[[ Entries shown, beginning ]]

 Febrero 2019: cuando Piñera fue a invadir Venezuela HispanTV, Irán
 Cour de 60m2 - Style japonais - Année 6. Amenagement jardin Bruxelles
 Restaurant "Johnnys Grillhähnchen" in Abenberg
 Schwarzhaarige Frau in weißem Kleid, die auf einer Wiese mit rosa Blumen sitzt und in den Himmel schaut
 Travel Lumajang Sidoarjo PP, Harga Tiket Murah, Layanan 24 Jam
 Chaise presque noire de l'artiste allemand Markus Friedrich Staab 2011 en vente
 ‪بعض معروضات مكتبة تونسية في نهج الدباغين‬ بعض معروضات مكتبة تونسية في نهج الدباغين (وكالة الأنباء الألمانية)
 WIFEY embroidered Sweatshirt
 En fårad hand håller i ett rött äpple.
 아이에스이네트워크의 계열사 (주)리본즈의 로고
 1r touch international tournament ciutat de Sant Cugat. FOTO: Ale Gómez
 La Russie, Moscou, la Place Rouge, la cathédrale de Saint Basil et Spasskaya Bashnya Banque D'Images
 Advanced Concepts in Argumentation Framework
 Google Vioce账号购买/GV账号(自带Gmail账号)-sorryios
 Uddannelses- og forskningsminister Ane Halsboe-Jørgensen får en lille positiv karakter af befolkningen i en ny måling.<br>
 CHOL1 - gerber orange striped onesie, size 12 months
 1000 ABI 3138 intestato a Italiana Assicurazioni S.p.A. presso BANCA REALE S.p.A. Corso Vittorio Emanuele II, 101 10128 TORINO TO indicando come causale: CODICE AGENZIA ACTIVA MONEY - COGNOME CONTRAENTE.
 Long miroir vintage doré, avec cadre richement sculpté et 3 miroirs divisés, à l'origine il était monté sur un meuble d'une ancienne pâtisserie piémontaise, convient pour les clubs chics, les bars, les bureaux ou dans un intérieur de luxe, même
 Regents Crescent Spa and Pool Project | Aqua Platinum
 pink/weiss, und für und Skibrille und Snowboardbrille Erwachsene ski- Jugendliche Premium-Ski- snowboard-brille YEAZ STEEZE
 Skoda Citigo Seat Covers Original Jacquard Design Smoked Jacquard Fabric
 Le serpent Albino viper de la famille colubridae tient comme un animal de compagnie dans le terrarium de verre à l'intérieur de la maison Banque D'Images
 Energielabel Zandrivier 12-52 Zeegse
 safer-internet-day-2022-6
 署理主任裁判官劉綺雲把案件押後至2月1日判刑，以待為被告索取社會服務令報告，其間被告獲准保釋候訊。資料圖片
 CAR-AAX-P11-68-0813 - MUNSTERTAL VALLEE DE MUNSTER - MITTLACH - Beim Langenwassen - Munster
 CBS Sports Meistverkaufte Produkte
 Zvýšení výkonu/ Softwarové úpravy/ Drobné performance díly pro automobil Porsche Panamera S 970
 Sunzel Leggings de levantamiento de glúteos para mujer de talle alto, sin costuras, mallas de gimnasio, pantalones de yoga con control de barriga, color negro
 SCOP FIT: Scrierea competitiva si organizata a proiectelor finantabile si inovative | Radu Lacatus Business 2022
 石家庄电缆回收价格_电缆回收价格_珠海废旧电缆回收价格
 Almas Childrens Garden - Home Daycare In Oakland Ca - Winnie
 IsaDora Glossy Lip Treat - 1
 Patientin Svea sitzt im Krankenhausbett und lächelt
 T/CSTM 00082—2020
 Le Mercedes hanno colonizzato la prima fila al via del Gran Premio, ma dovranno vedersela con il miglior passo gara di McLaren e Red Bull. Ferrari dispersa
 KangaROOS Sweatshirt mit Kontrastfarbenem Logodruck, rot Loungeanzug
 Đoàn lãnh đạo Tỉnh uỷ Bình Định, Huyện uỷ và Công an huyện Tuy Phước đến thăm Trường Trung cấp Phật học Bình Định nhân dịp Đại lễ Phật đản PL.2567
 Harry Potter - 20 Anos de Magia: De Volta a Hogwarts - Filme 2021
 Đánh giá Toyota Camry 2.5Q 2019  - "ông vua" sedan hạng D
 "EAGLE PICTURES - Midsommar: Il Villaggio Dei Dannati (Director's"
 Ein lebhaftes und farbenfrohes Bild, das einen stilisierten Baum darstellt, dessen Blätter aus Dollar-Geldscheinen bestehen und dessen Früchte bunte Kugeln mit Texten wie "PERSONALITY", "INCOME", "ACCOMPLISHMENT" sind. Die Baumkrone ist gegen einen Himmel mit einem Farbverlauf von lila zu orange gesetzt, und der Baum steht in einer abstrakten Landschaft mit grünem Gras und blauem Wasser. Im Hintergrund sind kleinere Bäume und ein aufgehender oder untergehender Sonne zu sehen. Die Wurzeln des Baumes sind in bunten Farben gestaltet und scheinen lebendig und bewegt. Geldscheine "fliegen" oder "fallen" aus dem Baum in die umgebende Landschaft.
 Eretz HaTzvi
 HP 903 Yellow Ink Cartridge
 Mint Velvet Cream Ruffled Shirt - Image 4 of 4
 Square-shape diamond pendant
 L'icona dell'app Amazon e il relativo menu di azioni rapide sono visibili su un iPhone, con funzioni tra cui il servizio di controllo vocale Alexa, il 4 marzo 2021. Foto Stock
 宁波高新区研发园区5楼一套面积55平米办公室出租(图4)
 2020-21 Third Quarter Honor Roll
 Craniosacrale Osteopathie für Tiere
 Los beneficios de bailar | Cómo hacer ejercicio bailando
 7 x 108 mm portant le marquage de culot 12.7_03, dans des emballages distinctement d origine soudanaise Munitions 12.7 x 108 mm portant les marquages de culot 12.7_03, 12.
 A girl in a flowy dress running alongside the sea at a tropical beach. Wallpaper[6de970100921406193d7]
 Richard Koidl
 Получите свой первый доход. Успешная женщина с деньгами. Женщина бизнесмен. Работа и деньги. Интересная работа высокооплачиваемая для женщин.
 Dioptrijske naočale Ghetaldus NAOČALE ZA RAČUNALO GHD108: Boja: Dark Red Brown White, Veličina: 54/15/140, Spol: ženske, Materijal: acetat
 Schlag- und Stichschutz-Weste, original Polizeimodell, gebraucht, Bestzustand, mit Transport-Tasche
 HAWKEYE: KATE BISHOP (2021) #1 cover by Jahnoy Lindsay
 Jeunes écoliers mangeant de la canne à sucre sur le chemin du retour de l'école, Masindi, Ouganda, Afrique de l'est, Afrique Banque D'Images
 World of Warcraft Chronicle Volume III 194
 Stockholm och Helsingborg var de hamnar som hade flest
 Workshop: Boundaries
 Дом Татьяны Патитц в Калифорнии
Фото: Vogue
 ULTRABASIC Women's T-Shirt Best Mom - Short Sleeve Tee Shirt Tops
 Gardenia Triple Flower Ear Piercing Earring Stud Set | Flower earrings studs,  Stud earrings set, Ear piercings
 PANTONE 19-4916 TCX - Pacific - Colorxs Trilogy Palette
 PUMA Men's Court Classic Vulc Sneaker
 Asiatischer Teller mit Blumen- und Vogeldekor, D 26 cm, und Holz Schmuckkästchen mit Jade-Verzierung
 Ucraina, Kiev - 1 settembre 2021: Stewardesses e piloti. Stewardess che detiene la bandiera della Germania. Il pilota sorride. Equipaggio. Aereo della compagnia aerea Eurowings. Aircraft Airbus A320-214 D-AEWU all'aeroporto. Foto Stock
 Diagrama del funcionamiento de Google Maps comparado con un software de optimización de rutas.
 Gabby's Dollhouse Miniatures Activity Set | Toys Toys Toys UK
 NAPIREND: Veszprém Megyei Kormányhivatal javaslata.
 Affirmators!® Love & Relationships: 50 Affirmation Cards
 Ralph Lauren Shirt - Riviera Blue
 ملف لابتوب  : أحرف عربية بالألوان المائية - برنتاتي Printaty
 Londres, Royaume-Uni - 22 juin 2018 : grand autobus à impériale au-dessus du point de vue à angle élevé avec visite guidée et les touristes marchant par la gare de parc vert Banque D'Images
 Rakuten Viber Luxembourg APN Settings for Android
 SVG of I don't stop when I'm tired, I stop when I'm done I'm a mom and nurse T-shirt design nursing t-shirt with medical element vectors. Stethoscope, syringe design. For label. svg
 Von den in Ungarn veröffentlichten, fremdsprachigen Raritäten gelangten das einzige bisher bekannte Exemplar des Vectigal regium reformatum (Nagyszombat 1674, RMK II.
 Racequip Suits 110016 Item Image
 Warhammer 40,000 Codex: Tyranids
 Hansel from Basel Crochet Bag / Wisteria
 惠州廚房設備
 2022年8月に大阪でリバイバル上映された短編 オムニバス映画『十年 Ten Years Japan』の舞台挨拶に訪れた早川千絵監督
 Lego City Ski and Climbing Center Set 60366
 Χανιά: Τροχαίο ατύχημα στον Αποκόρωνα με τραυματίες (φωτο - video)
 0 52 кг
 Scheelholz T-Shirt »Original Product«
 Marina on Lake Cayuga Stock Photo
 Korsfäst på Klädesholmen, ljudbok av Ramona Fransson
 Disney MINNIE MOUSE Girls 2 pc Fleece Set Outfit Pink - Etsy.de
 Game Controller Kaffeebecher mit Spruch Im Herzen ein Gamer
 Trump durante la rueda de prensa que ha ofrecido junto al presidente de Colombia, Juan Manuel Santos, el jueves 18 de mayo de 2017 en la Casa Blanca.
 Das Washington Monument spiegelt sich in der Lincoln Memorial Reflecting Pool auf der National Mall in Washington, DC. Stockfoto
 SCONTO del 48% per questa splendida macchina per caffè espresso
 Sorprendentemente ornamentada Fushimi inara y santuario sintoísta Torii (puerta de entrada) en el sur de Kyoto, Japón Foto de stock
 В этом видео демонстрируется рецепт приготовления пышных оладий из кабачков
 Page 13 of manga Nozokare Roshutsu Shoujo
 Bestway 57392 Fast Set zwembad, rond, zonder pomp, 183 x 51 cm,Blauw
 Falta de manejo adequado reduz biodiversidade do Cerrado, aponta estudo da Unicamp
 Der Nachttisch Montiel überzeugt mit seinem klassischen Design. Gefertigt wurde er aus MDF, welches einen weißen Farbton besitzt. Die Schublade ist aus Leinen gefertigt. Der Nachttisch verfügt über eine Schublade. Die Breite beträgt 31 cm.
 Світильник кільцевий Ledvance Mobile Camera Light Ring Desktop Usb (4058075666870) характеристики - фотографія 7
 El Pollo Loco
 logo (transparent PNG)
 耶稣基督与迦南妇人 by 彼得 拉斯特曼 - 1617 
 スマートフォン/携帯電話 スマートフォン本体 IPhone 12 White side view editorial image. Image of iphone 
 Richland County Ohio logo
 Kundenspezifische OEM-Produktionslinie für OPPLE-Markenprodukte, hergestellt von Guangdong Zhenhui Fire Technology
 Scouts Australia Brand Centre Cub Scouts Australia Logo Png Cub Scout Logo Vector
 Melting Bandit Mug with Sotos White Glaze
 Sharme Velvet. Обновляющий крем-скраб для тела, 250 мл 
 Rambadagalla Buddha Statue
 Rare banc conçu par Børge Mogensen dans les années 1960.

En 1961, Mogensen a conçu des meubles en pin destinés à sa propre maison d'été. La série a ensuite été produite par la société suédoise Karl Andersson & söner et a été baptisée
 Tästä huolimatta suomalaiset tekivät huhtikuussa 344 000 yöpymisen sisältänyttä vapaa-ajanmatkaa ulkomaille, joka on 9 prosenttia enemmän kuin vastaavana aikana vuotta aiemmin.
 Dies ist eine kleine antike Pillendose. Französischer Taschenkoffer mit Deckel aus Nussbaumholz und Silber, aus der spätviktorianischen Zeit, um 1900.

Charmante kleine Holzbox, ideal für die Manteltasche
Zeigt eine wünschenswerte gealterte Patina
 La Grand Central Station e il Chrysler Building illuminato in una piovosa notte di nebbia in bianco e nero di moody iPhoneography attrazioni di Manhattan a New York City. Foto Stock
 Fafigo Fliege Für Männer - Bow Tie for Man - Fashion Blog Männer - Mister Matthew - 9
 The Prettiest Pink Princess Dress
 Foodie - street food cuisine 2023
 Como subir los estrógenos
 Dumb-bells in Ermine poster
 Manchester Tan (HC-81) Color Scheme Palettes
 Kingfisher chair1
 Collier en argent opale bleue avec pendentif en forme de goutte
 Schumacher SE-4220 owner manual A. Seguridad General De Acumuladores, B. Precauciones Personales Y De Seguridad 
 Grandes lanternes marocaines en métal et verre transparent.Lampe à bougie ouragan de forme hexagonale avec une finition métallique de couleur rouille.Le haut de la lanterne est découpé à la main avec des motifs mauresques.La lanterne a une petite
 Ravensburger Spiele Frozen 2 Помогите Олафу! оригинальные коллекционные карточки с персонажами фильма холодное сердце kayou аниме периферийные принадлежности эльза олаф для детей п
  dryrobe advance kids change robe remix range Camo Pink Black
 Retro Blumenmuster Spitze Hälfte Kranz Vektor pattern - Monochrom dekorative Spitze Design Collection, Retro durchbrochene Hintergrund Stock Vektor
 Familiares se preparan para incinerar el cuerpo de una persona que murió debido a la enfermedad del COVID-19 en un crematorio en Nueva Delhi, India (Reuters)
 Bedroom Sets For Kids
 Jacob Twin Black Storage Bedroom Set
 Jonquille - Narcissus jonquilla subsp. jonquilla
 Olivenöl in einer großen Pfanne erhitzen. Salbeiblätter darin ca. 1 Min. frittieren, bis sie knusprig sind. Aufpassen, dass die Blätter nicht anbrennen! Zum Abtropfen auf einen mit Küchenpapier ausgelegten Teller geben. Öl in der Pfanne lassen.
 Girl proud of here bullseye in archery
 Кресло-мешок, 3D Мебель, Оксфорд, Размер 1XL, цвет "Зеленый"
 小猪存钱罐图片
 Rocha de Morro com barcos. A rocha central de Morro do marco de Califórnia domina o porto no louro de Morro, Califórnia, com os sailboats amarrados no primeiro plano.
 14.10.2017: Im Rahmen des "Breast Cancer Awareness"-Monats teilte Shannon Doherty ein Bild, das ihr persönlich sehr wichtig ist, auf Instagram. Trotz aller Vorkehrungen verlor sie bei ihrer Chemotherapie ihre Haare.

[[ Entries shown, end ]]

## [Problem description]
Return exactly, and only, the lines above starting at the line that contains "В этом видео" and ending at the line that contains "Scouts Australia Brand".

## [Your solution]
 В этом видео демонстрируется рецепт приготовления пышных оладий из кабачков
 Page 13 of manga Nozokare Roshutsu Shoujo
 Bestway 57392 Fast Set zwembad, rond, zonder pomp, 183 x 51 cm,Blauw
 Falta de manejo adequado reduz biodiversidade do Cerrado, aponta estudo da Unicamp
 Der Nachttisch Montiel überzeugt mit seinem klassischen Design. Gefertigt wurde er aus MDF, welches einen weißen Farbton besitzt. Die Schublade ist aus Leinen gefertigt. Der Nachttisch verfügt über eine Schublade. Die Breite beträgt 31 cm.
 Світильник кільцевий Ledvance Mobile Camera Light Ring Desktop Usb (4058075666870) характеристики - фотографія 7
 El Pollo Loco
 logo (transparent PNG)
 耶稣基督与迦南妇人 by 彼得 拉斯特曼 - 1617 
 スマートフォン/携帯電話 スマートフォン本体 IPhone 12 White side view editorial image. Image of iphone 
 Richland County Ohio logo
 Kundenspezifische OEM-Produktionslinie für OPPLE-Markenprodukte, hergestellt von Guangdong Zhenhui Fire Technology
 Scouts Australia Brand Centre Cub Scouts Australia Logo Png Cub Scout Logo Vector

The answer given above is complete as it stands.